## [ASSIGNED TASK]
Take the material below and extract the lines from the one with "[ERECT TOUCH (エレクトさわる)]" through the one with "GOLDBAT 5000mAh 11.1V", word for word, without pictures.

## [DATASET ENTRIES]
****************************************

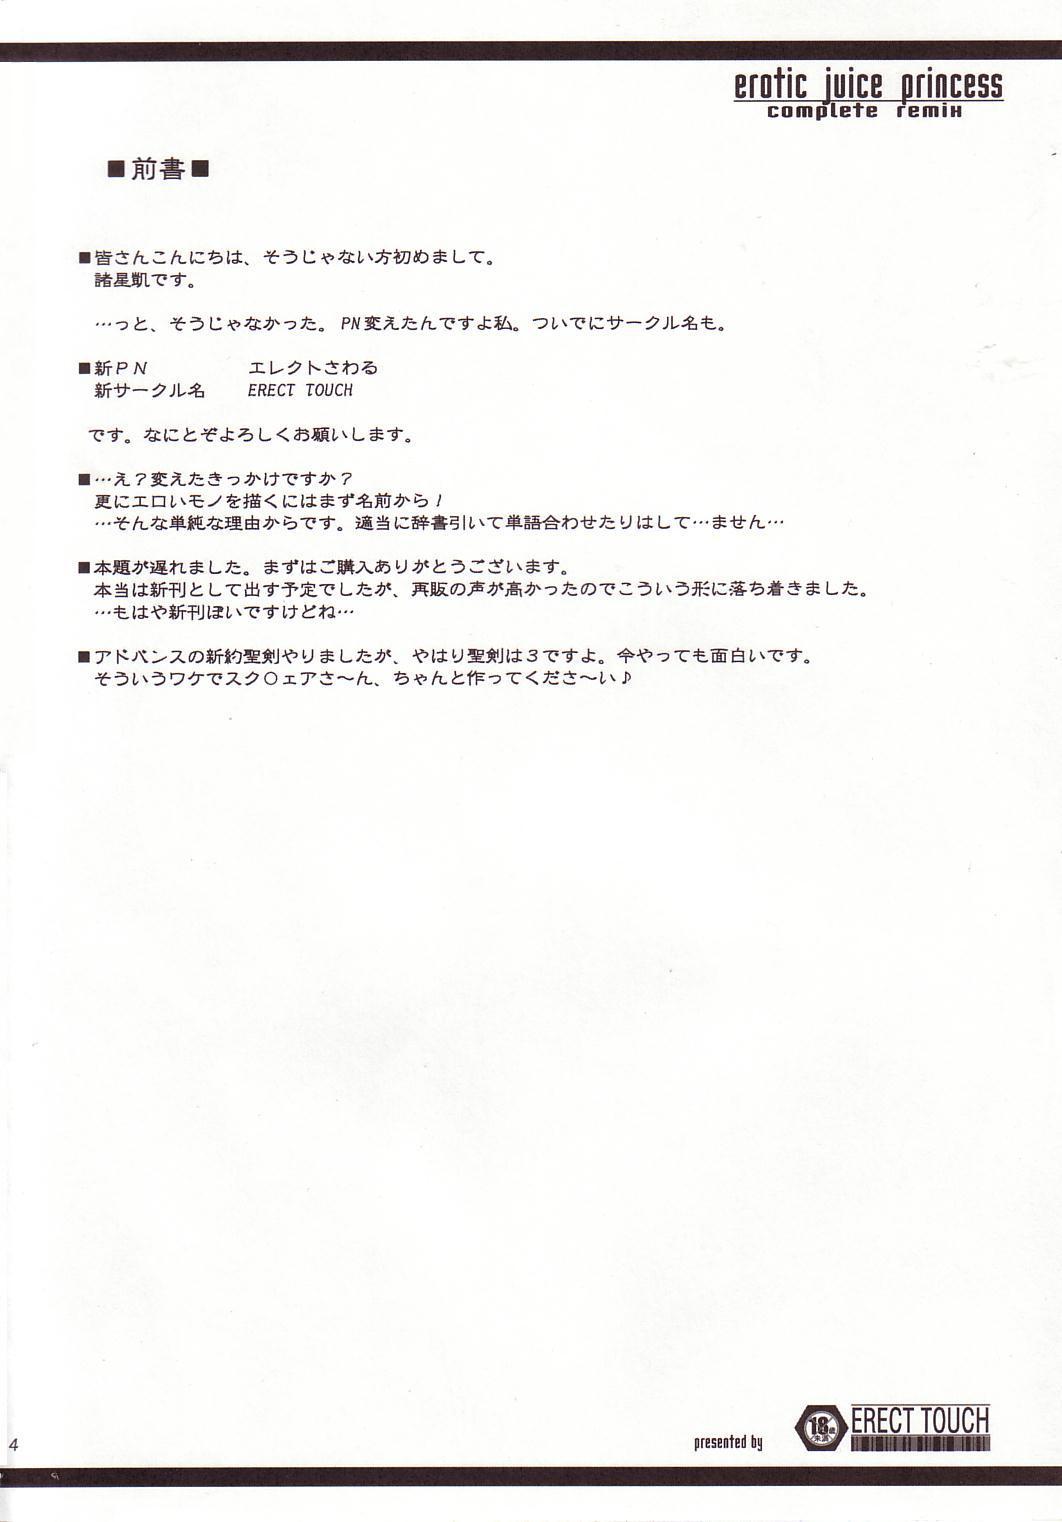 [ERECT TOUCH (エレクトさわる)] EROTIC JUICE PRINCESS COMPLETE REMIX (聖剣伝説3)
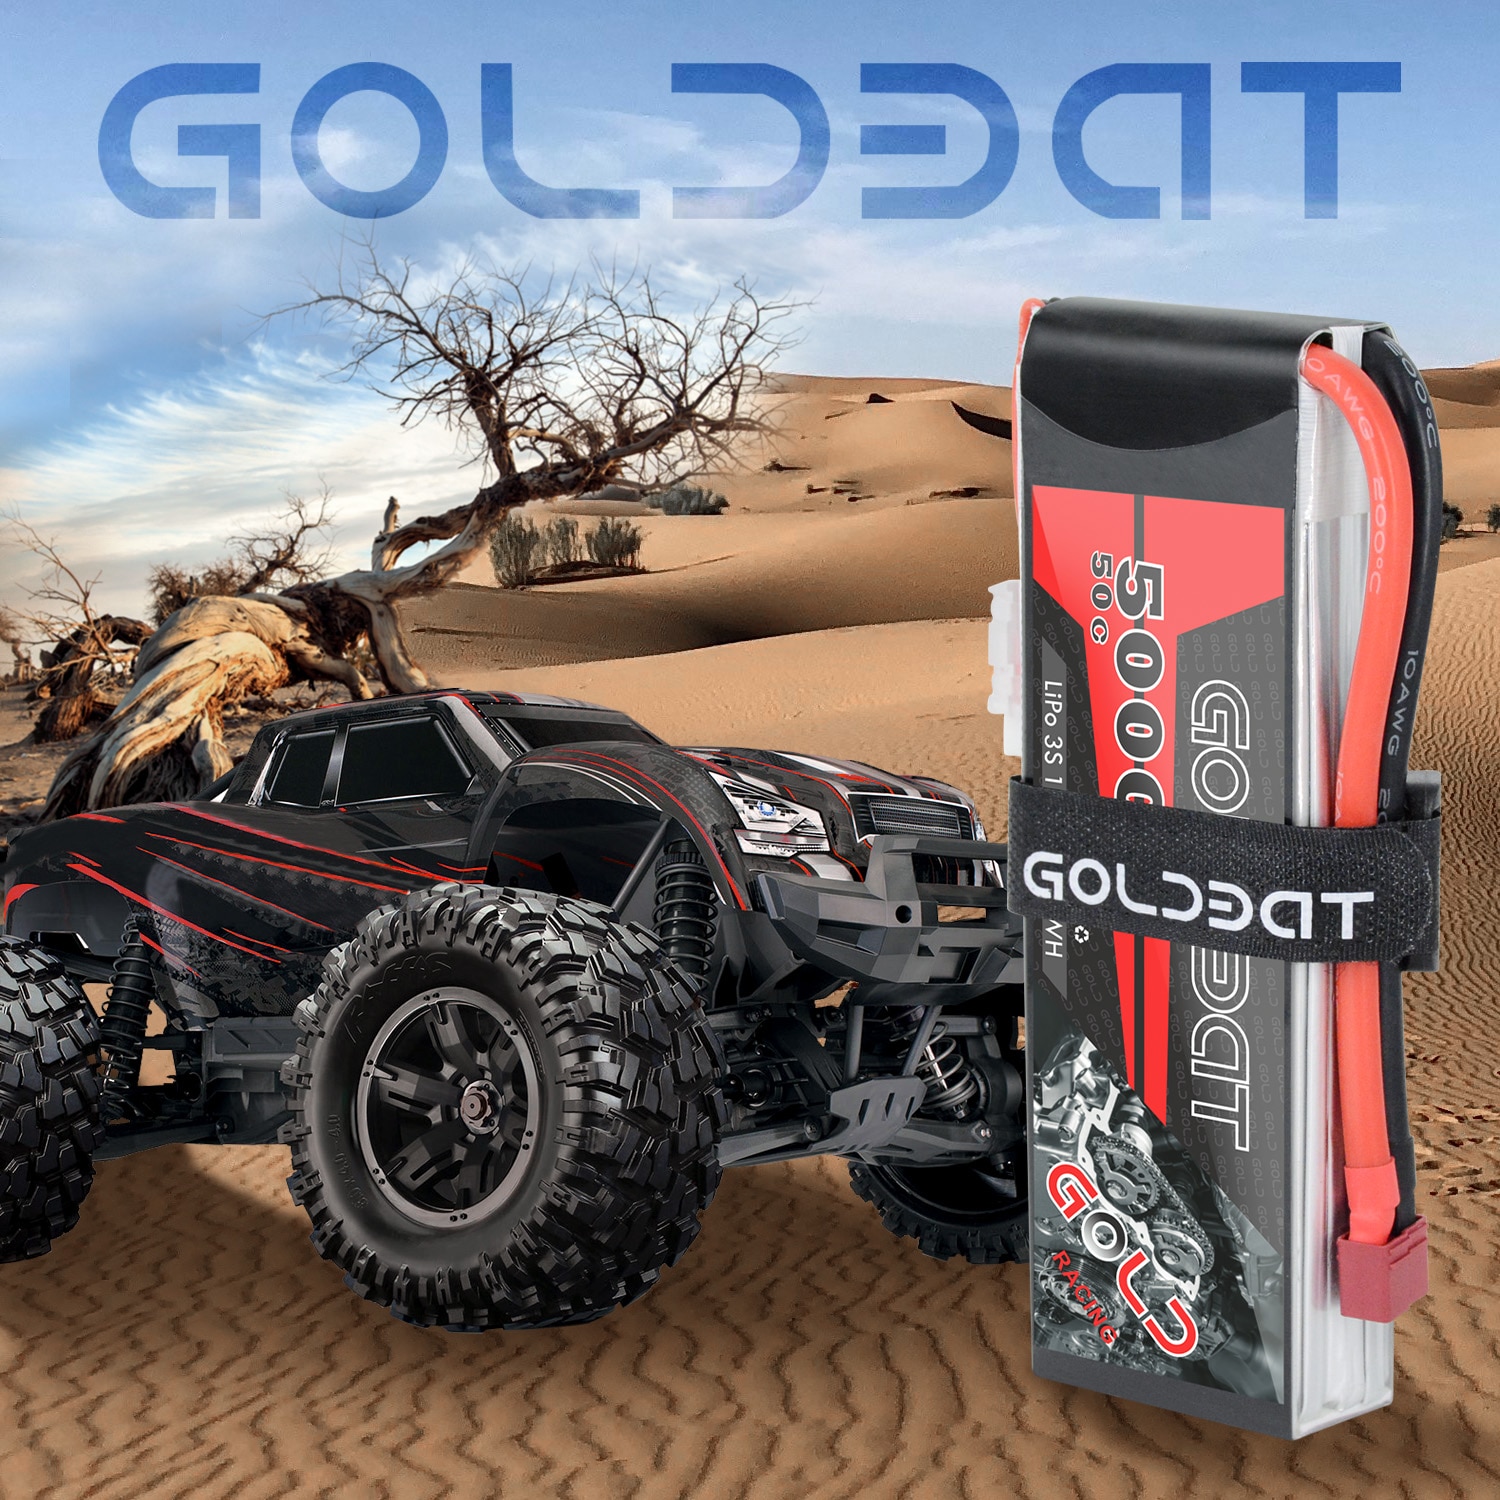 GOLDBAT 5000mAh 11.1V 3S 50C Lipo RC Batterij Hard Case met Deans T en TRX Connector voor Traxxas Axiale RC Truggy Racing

****************************************

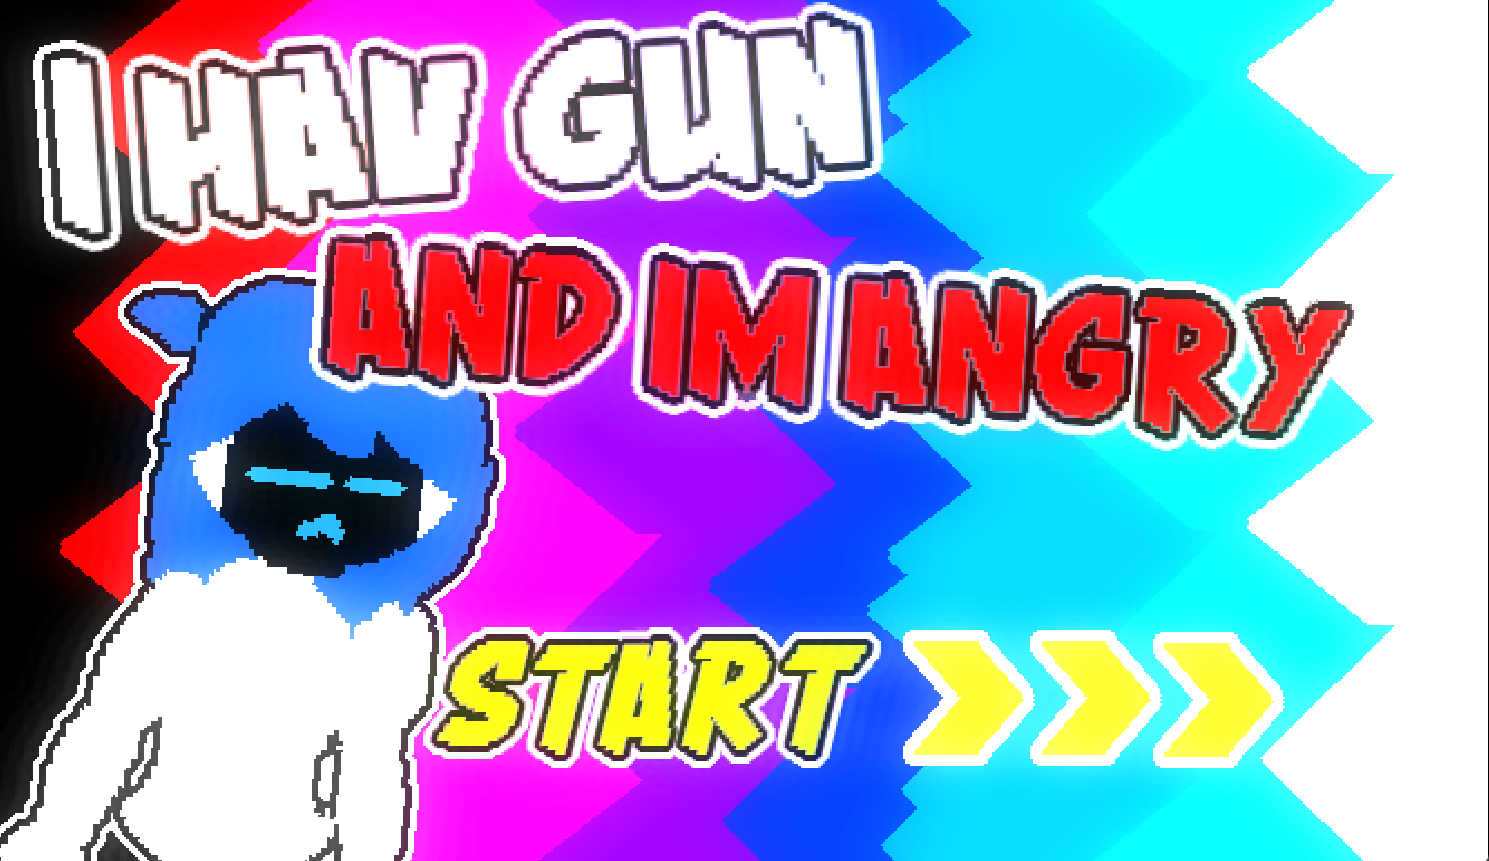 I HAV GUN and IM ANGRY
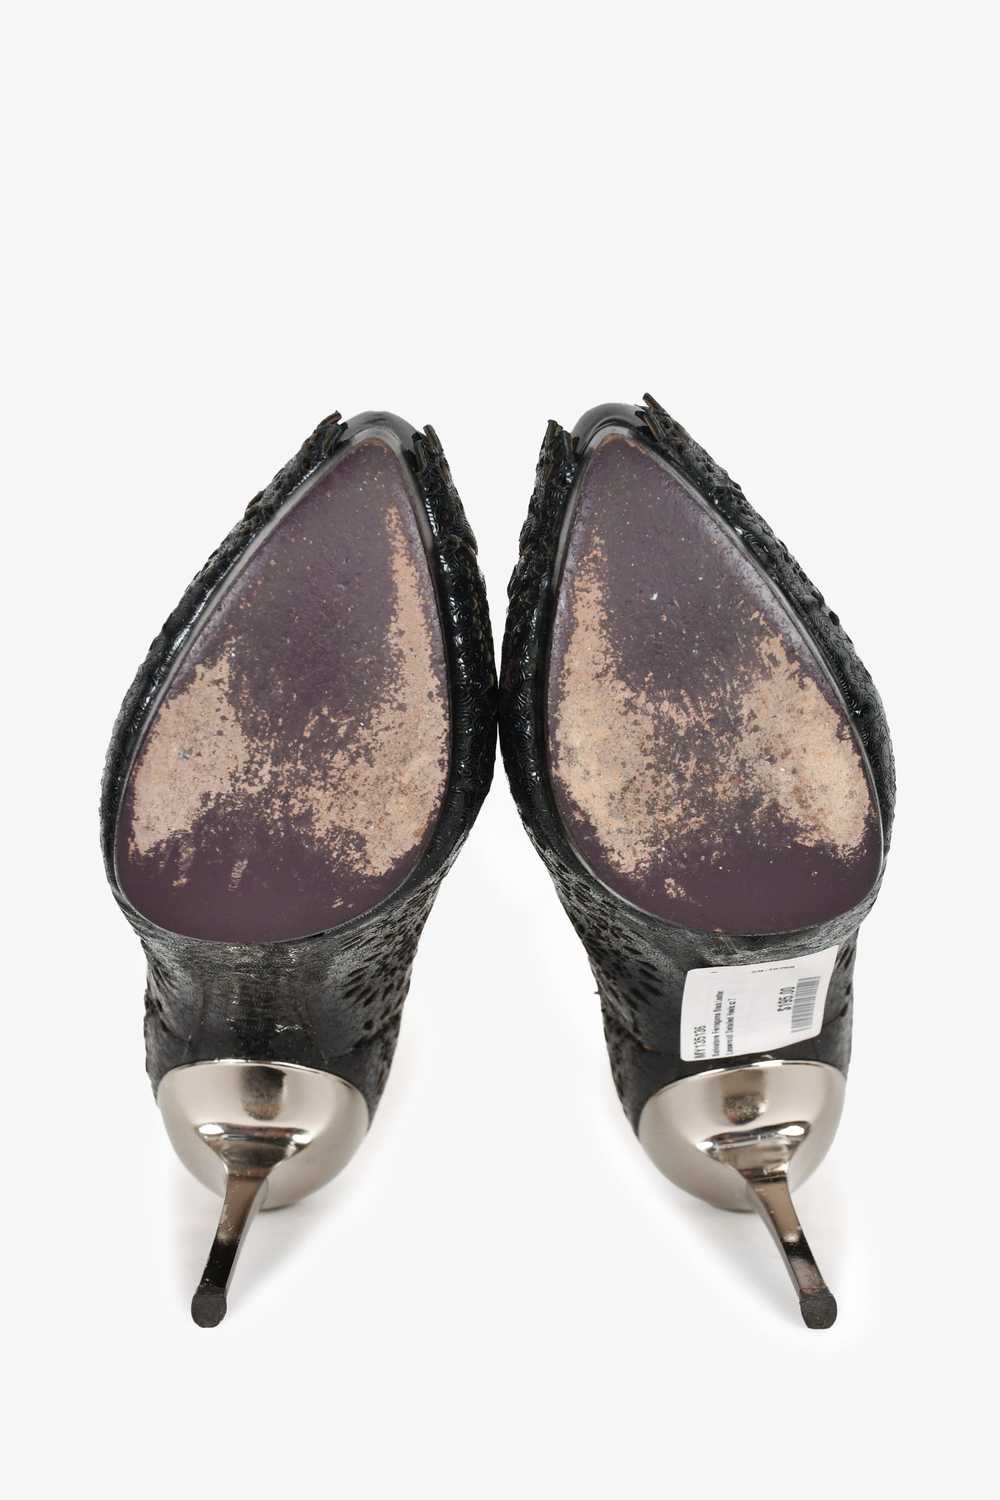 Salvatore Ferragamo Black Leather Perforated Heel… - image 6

****************************************

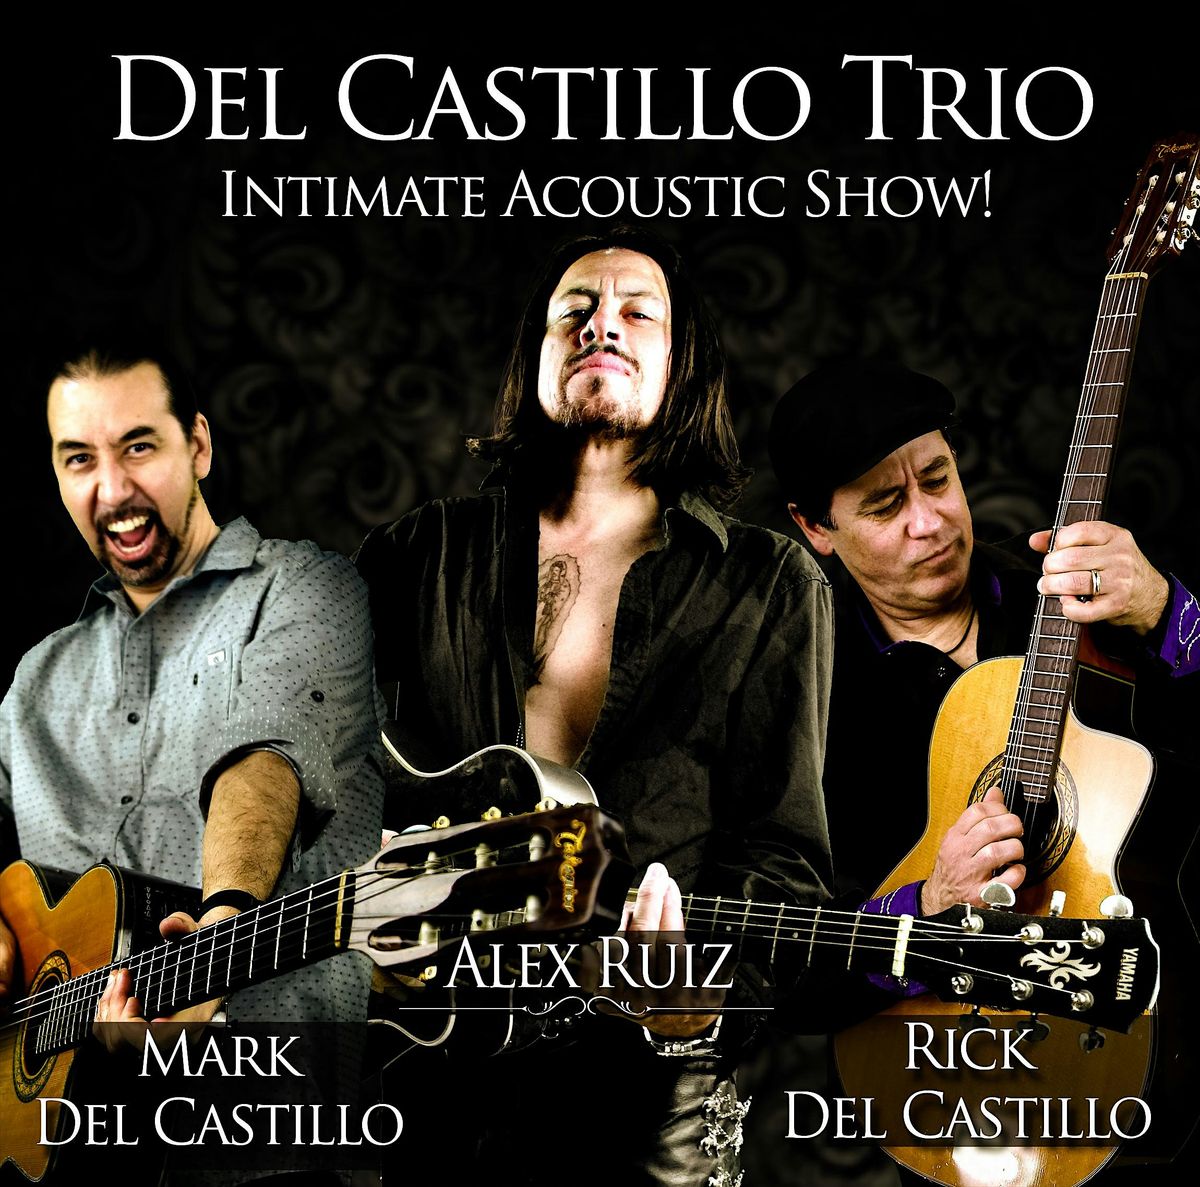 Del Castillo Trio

****************************************

## [PROBLEM SOLUTION]
 [ERECT TOUCH (エレクトさわる)] EROTIC JUICE PRINCESS COMPLETE REMIX (聖剣伝説3)
 GOLDBAT 5000mAh 11.1V 3S 50C Lipo RC Batterij Hard Case met Deans T en TRX Connector voor Traxxas Axiale RC Truggy Racing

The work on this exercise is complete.